Abstract. This paper explores the effect of racial segregation on public school expenditure in US metropolitan areas and school districts. Our starting point is the literature that relates public good provision to the degree of racial fragmentation in the community. We argue that looking at fragmentation alone may be misleading and that the geographic distribution of different racial groups needs to be taken into account. Greater segregation is associated with more homogeneity in some sub-areas and more heterogeneity in others, and this matters if decisions on spending are taken at aggregation levels lower than the MSA. For given fragmentation, the extent of segregation conveys information on households' possibility to sort into relatively more or less homogeneous jurisdictions. We account for the potential endogeneity of racial segregation and find that the latter has a positive impact on average public school expenditure both at the MSA and at the district level. At the same time, increased segregation leads to more inequality in spending across districts of the same MSA, thus worsening the relative position of poorer districts.

WORK IN PROGRESS

The Effects of FDA Recalls on The Network of Strategic Alliances in The Medical Devices Industry (with Shweta Gaonkar)

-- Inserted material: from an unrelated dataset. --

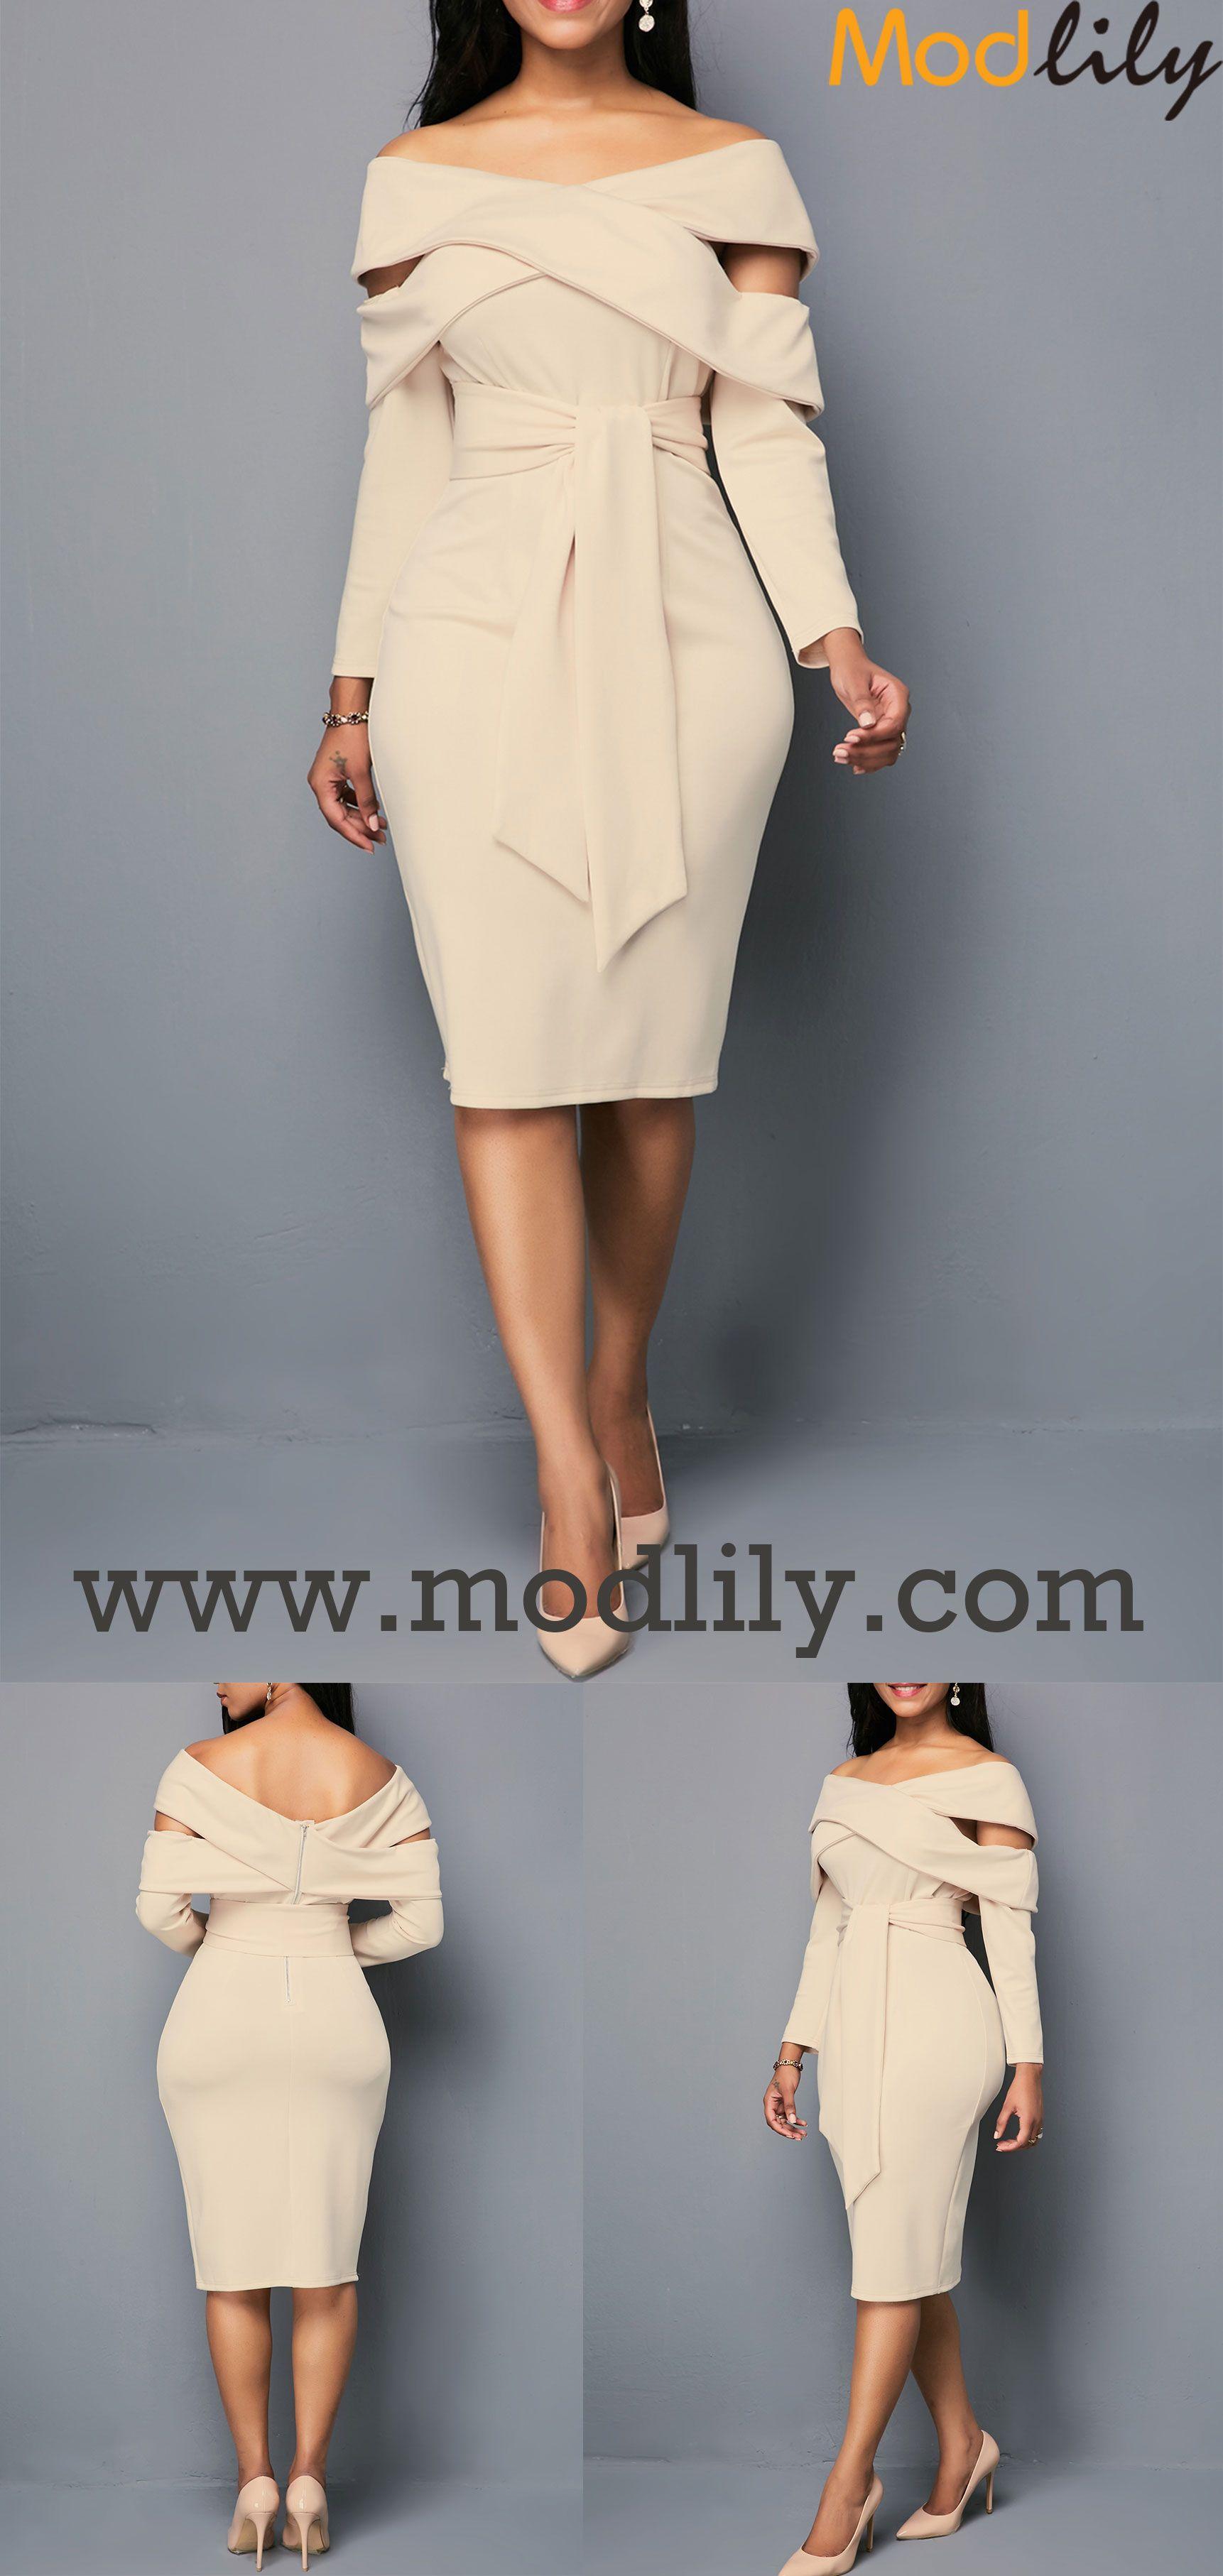 Zipper back light khaki belted sheath dress in dresses

Creativity and Market Success: Evidence from the movie industry (with Sharon Kim and Shweta Gaonkar)

OLD STUFF

Who's Afraid of the Big Bad Wolf? Do Pedophiles live close to schools?

Abstract. I analyze the geographic distribution of sex offenders in Urbana and Champaign and test if they live closer to schools than generic residents. If the spatial distribution of sex offenders is the same as that of population as a whole, we should not observe a sex offender systematically closer to schools than a random resident. Using a simple statistical model I test if, conditioning on the distance from schools, the spatial distributions of sex offenders and residents are the same. The results show that this is not the case: on average sex offenders are less likely to locate close to schools than other people. However, I show evidence that there is some heterogeneity among individual schools, some being sex offenders "magnets".

The Determinants of Social Networks in Developing Countries: Some Evidence from Ghana

Abstract. I explore the determinants of social network formation in a developing economy, using data from Ghana. The main contribution is the use of an empirical model of network formation that takes into account the interdependence of the linking decisions among agents. The interdependence implies a simultaneity problem that I solve by estimating the joint distribution of the model instead of a conditional specification. The computational complexity increases and I use MCMC Maximum Likelihood methods for the estimation of relevant parameters. I impose functional forms and restrictions of the parameters that guarantee identification. The results show that the network formation process is driven mainly by gender and wealth. In several specifications religion and clan are also important determinants of the network shape.